Python API¶
NBER-CLI exposes the same core functionality as importable Python functions. The API is asynchronous because lookup, search, and downloads perform network I/O.
Feed cache helpers are synchronous because they perform local SQLite work and a synchronous RSS fetch.
API Boundaries¶
NBER-CLI has three layers, and the stability contract is different for each:
- Top-level public API: the names listed in
nber_cli.__all__. Importing them from thenber_clipackage is the supported way to use the package. This is the only layer with a stability promise. Removing or renaming a name in__all__is treated as a breaking change. - Module-level helpers: non-underscore names defined in modules such as
nber_cli.formatters,nber_cli.fetcher,nber_cli.config_store, andnber_cli.cli. These are usable directly and useful for advanced callers, but they are not part of the public top-level contract and may change between minor versions. - Compatibility wrappers: a few names exist only for backward compatibility with callers written against earlier versions. The
feedmodule re-exportsinit_feed_database,migrate_feed_database, andget_feed_database_path, which now forward to the database layer. They are kept for one minor release after their replacement ships and may be removed later.

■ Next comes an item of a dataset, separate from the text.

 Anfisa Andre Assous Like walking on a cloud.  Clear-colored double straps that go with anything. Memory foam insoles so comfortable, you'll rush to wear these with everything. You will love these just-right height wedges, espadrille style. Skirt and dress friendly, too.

__all__ is the source of truth for what is "officially exported" from the package. If a name is not in __all__ and not documented as a module-level helper, treat it as private even if it is not underscore-prefixed.
Install¶
For a script outside a project:
Search Papers¶
import asyncio
from nber_cli import search_nber, search_results
async def main() -> None:
results = await search_nber("labor economics", per_page=20)

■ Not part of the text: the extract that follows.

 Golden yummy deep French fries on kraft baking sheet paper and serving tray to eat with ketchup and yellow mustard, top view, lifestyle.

payload = search_results(results)
print(payload["total_results"])
for paper in payload["results"]:
print(paper["id"], paper["title"])
asyncio.run(main())
Fetch Paper Metadata¶
import asyncio
from nber_cli import get_nber, info
async def main() -> None:
paper = await get_nber(25000)
payload = info(paper)
print(payload["title"])
print(payload["abstract"])
asyncio.run(main())
Download a PDF¶
import asyncio
from pathlib import Path
from nber_cli import download_paper, download_paper_to_file
async def main() -> None:
await download_paper("w34567", Path("papers"))
await download_paper_to_file("w25000", Path("papers/w25000.pdf"))
asyncio.run(main())
Download Multiple Papers¶
import asyncio
from pathlib import Path
from nber_cli import download_multiple_papers
async def main() -> None:
result = await download_multiple_papers(
["w34567", "w25000", "w32000"],
Path("papers"),
)
print(f"Downloaded {len(result.paths)} papers")
for failure in result.failures:
print(f"Failed: {failure.paper_id} - {failure.error}")
asyncio.run(main())
Work with the Local Database¶
Initialize the default database:
Fetch the NBER RSS feed and display new cached items:
from nber_cli import feed_results, fetch_feed
result = fetch_feed()
payload = feed_results(result)
print(payload["new_count"])
for item in payload["results"]:
print(item["id"], item["title"])
Display all fetched RSS items and limit the returned items:
Move the database:
from pathlib import Path
from nber_cli import migrate_database
old_path, new_path = migrate_database(Path("~/data/nber.db"))
Clean cached feed database records:
from nber_cli import clean_feed_cache
preview = clean_feed_cache(days=30, dry_run=True)
print(preview.matched_count)
result = clean_feed_cache(days=30)
print(result.deleted_count)
clean_feed_cache deletes local cache records only. If deleted records still appear in the RSS feed, a later fetch_feed call may return them as new items again.
Read or write the paper metadata cache directly:
from nber_cli import read_info_cache, write_info_cache
from nber_cli import get_nber
import asyncio
paper = read_info_cache(None, "w25000")
if paper is None:
paper = asyncio.run(get_nber(25000))
write_info_cache(None, paper)
print(paper.title)
Read the paper metadata cache through the high-level helper, which respects the user-config TTL and the global cache toggle:
import asyncio
from nber_cli.info_cache import get_paper_with_info_cache_result
async def main() -> None:
result = await get_paper_with_info_cache_result(25000)
if result.from_cache:
print("Served from local info cache")
print(result.paper.title)
asyncio.run(main())
refresh=True skips the cache lookup and re-fetches from NBER before optionally writing back:
import asyncio
from nber_cli.info_cache import get_paper_with_info_cache_result
async def main() -> None:
result = await get_paper_with_info_cache_result(25000, refresh=True)
print(result.paper.title)
asyncio.run(main())
Manage the user config (~/.nber-cli/config.json):
from nber_cli import (
get_info_cache_settings,
set_info_cache_enabled,
set_info_cache_ttl_days,
)
print(get_info_cache_settings())
set_info_cache_enabled(False)
set_info_cache_ttl_days(7)
Clean cached paper metadata:
from nber_cli import clear_info_cache, count_info_cache
print(f"Cached rows: {count_info_cache()}")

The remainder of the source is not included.